Find the line below with "Ducks swimming in the Trevi Fountain." and the line with "Matteo-Tagliariol-2". Output them and the lines between, exactly, but not the pictures.

▶ RECORDS FOR THIS EXERCISE:
########################################
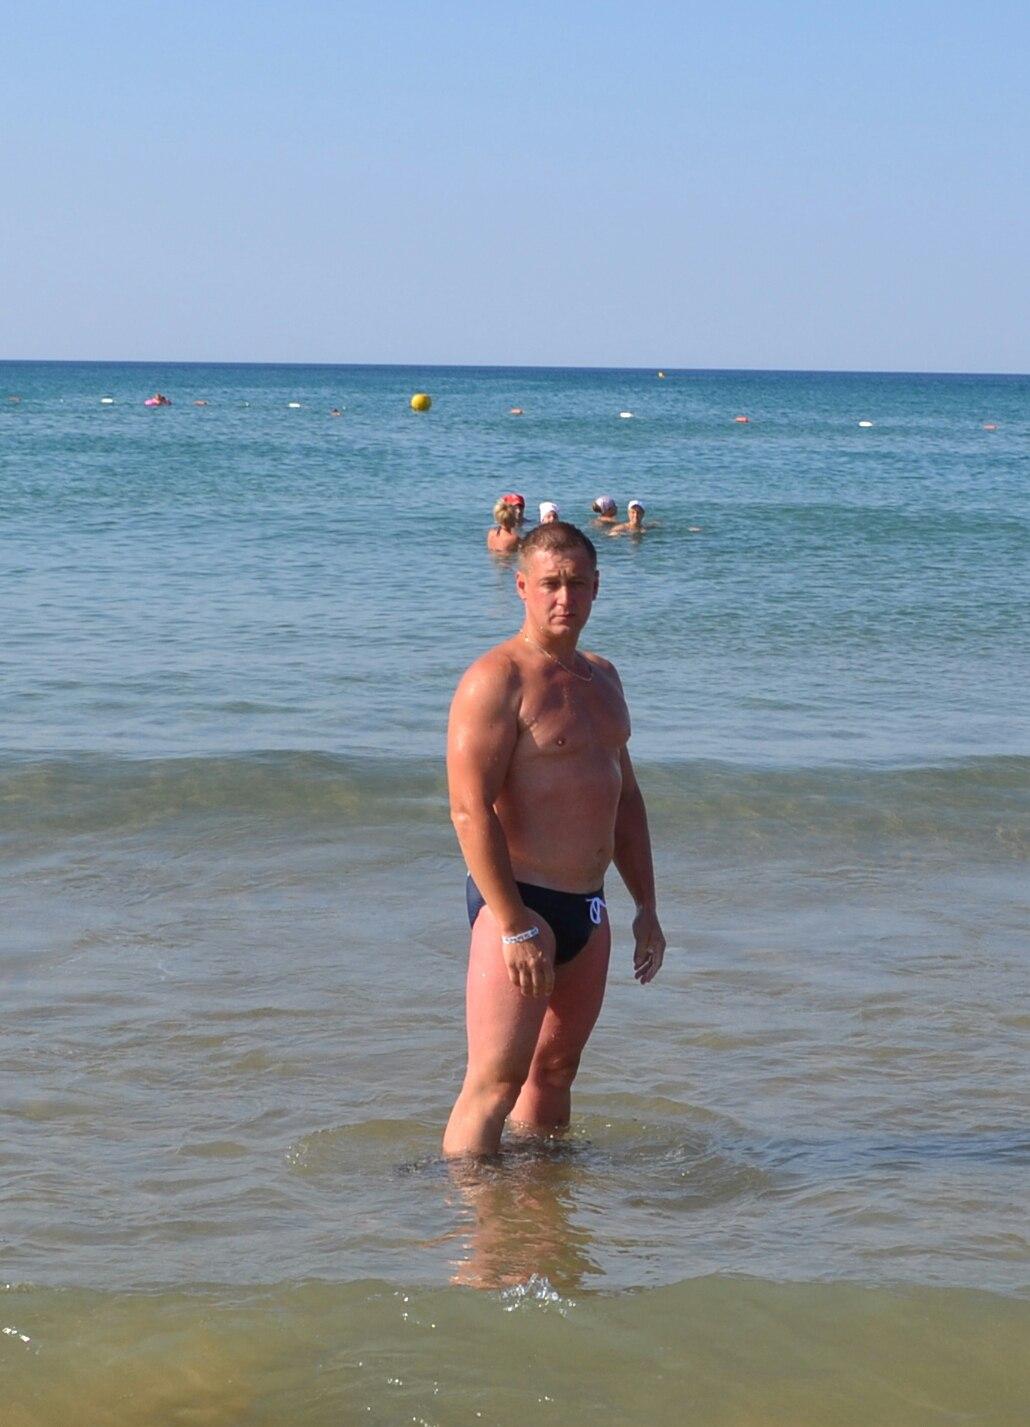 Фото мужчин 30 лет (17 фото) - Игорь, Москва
########################################
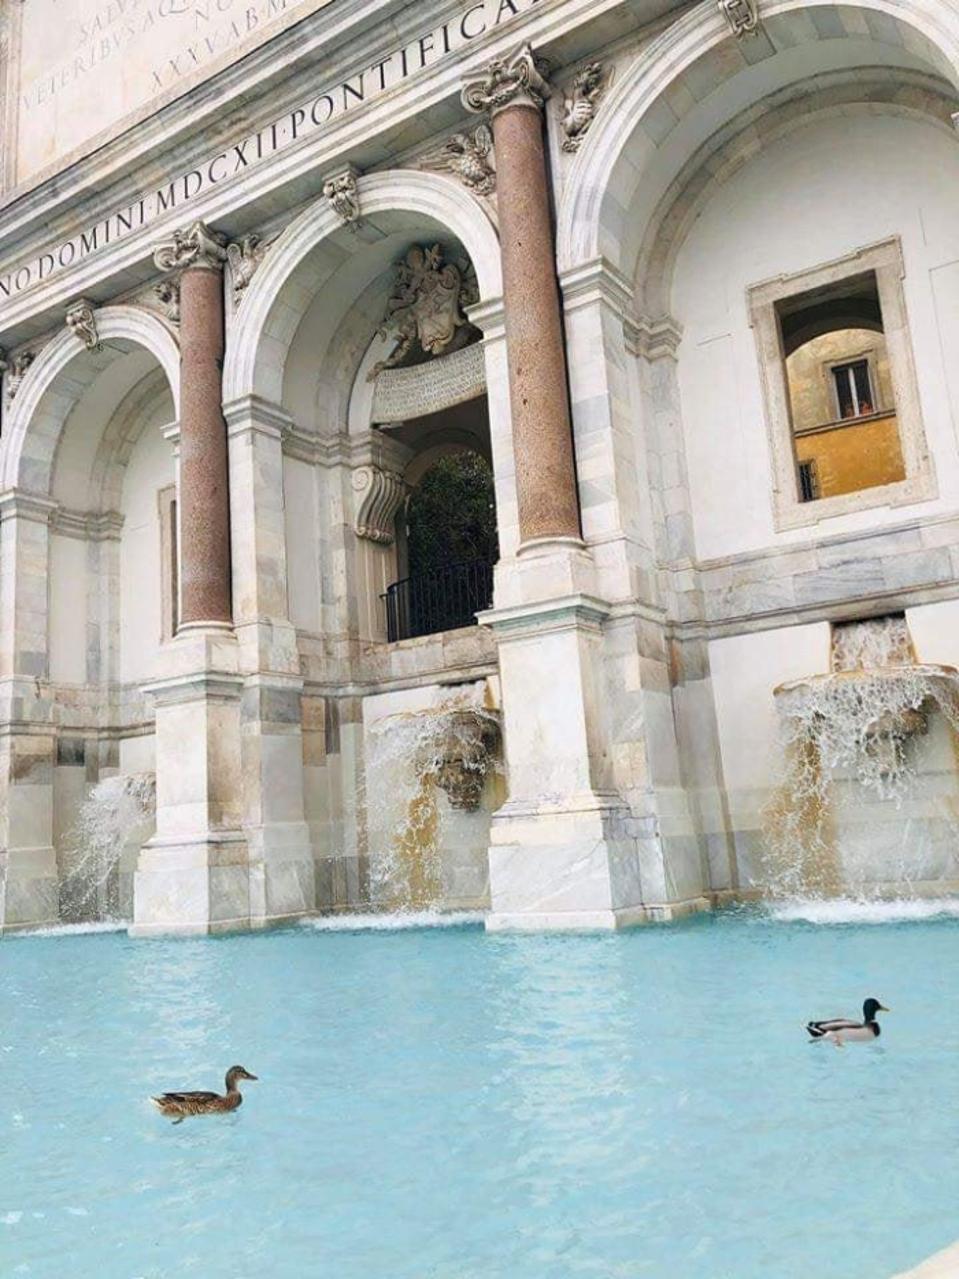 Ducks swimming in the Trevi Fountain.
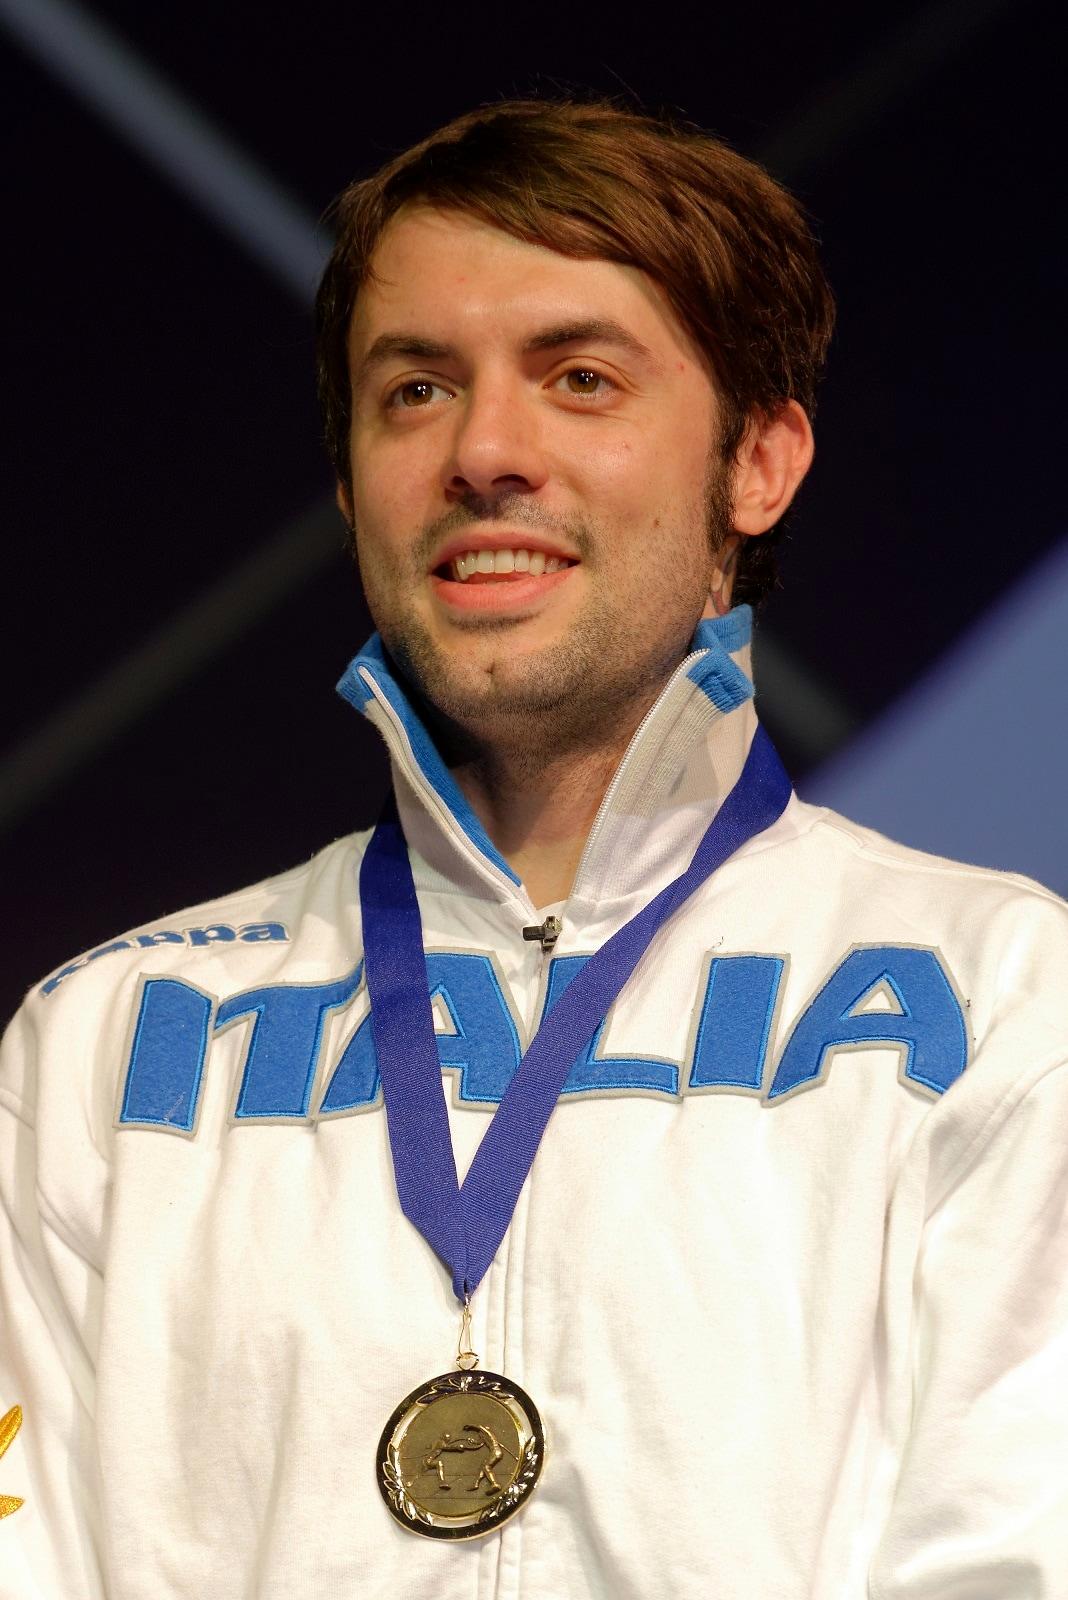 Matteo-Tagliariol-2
########################################
▶ EXERCISE OUTPUT:
 Ducks swimming in the Trevi Fountain.
 Matteo-Tagliariol-2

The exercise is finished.